The input:
■ ■ ■ ■ ■ ■ ■

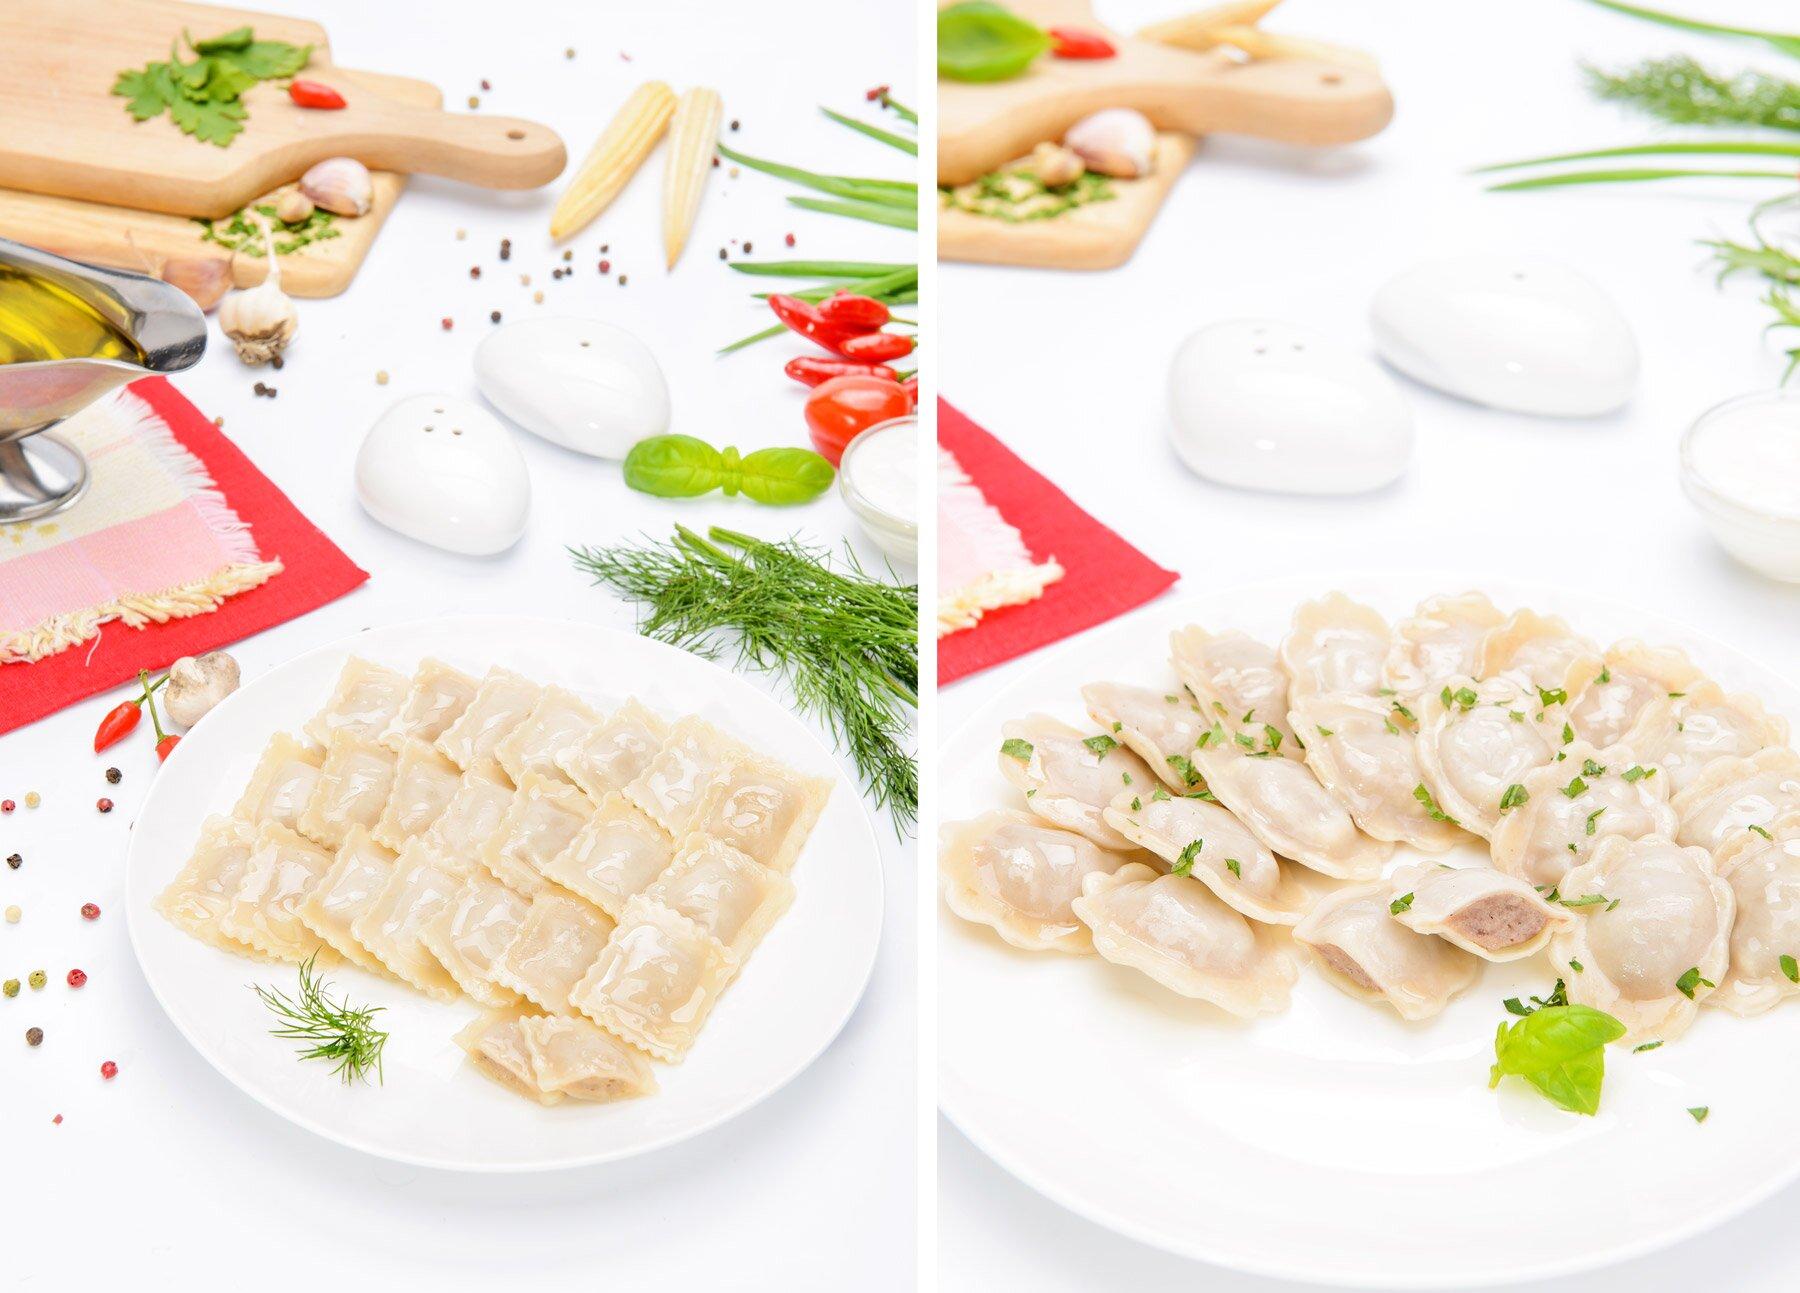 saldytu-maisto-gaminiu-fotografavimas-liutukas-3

■ ■ ■ ■ ■ ■ ■

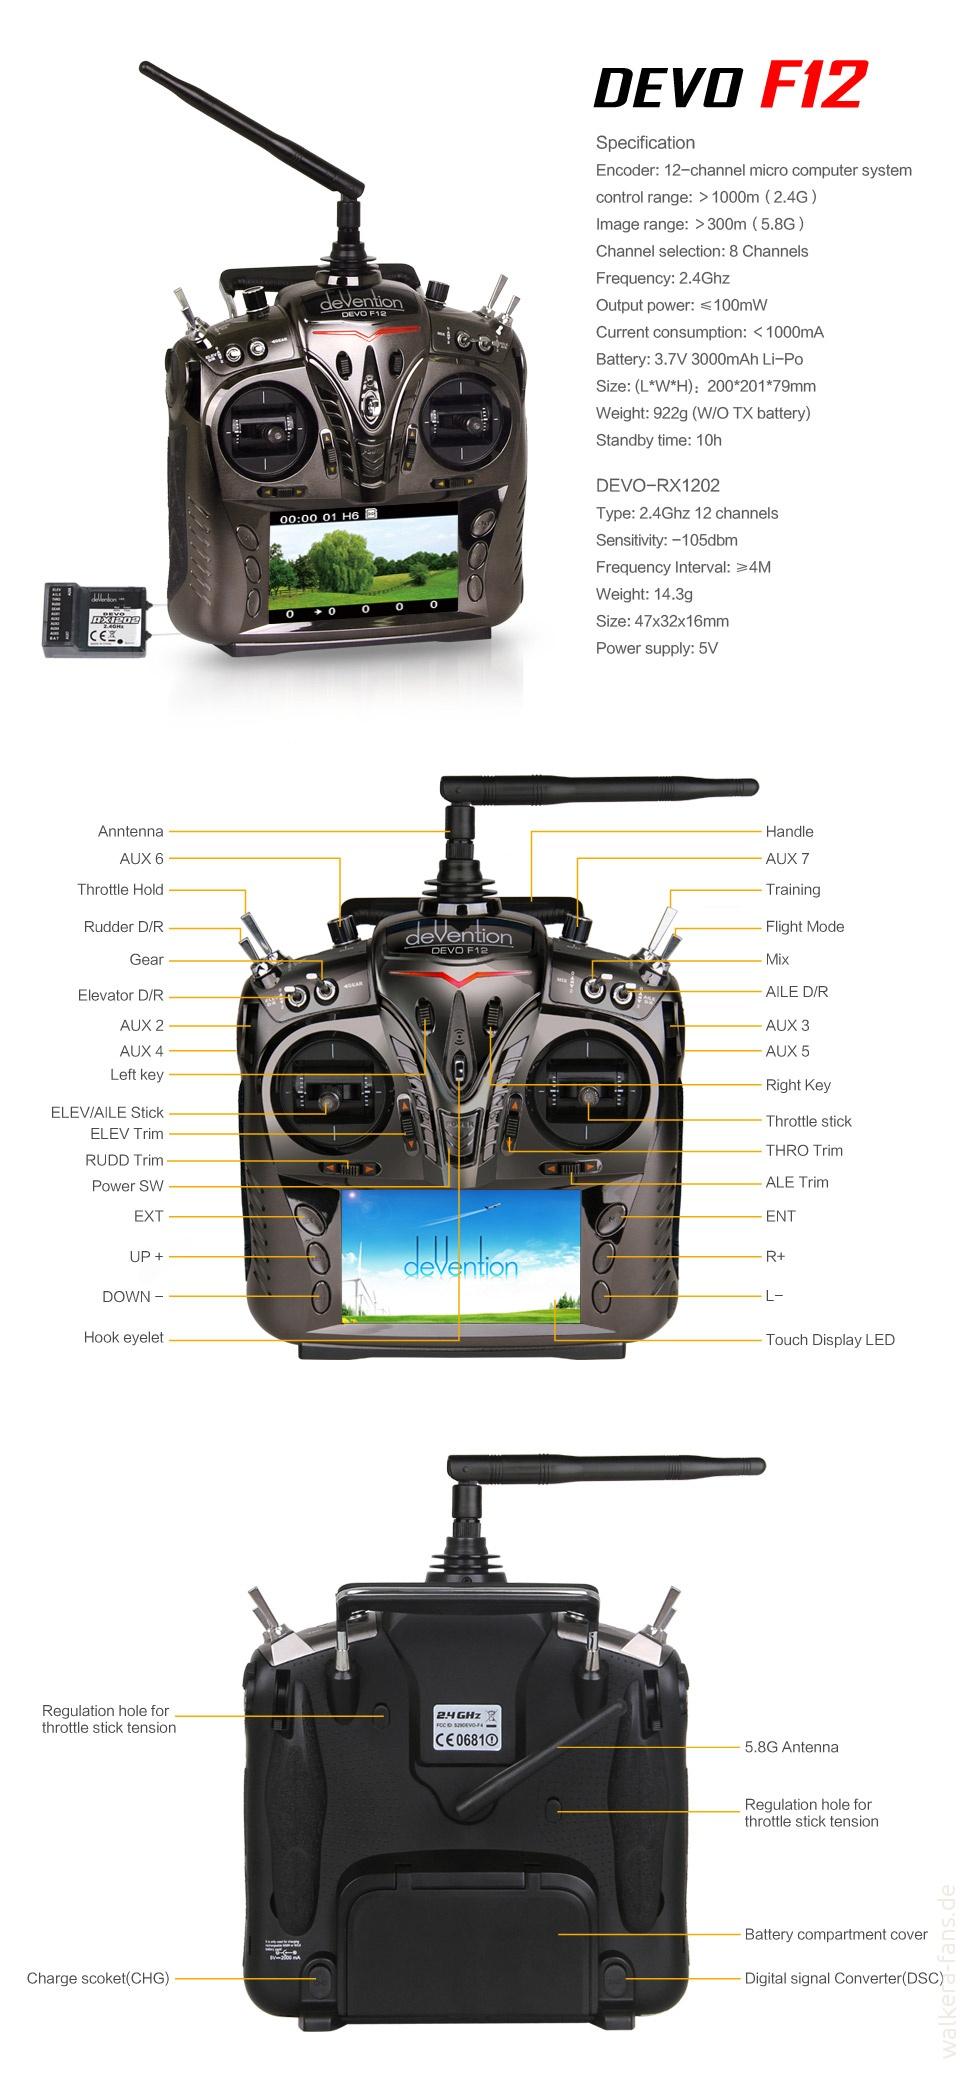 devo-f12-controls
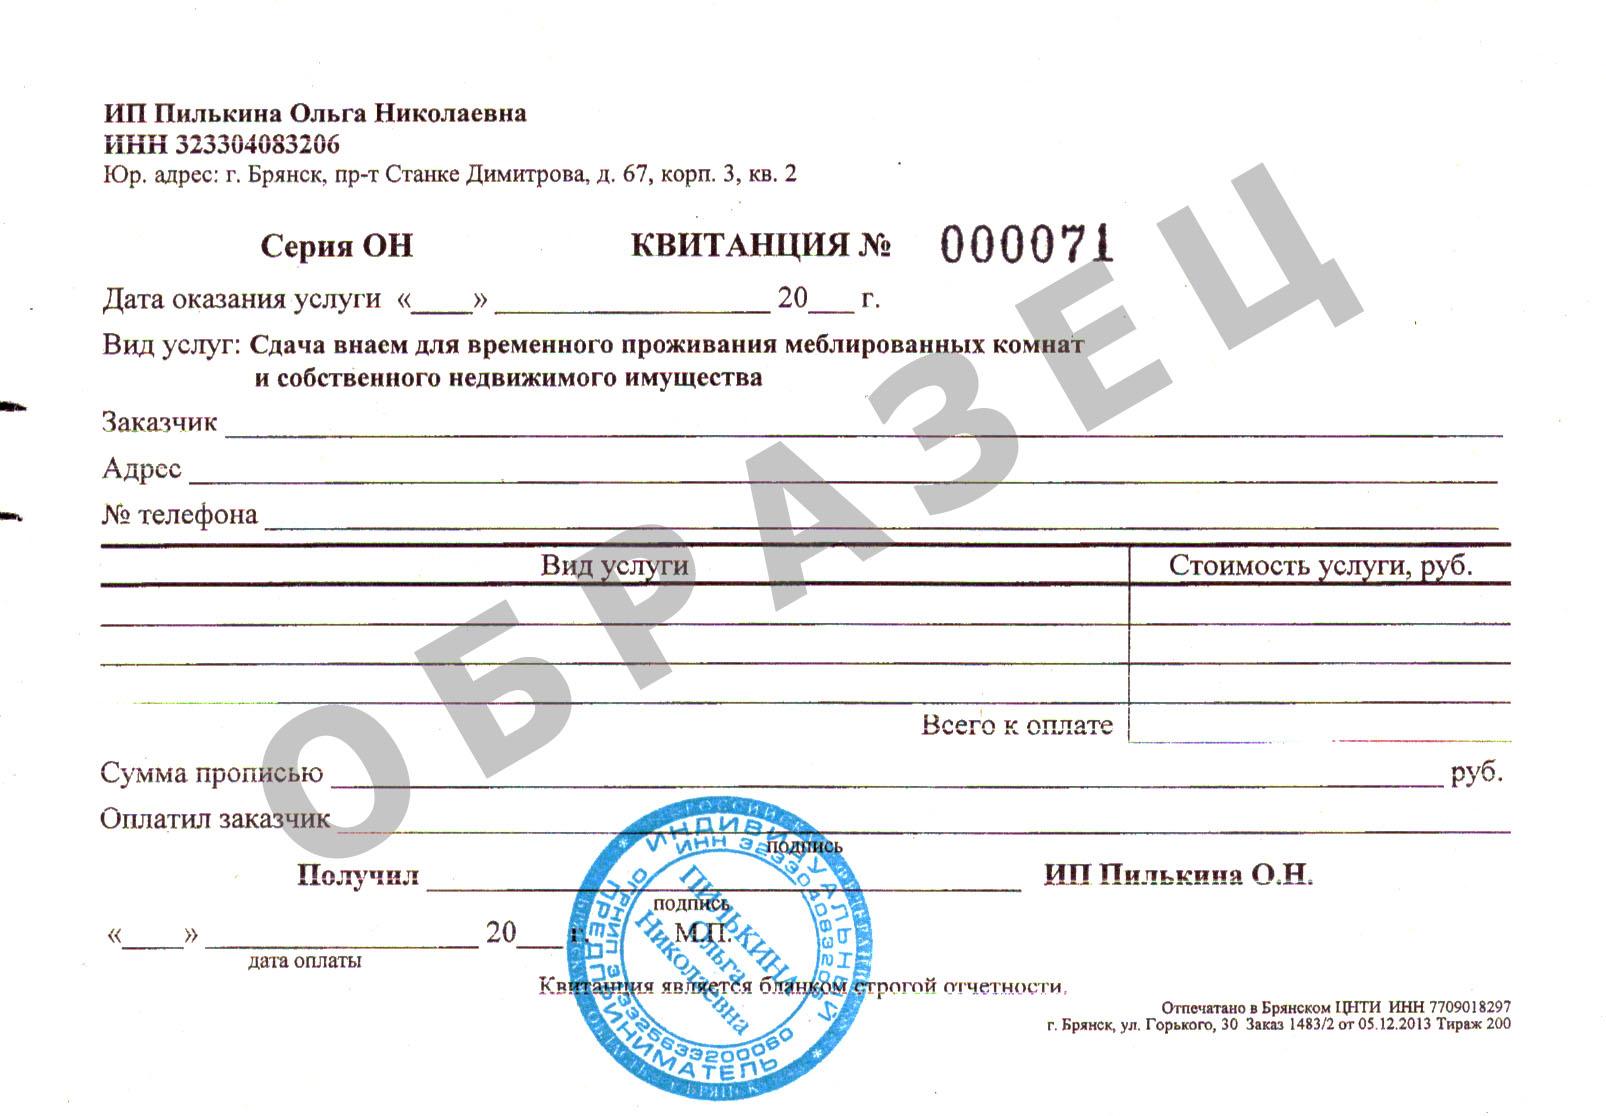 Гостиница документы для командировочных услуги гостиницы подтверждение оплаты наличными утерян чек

■ ■ ■ ■ ■ ■ ■

Within the entries above, give again exactly the lines starting at the one that contains "devo-f12-controls" and ending at the one that contains "Гостиница документы для", leaving out the pictures.

 devo-f12-controls
 Гостиница документы для командировочных услуги гостиницы подтверждение оплаты наличными утерян чек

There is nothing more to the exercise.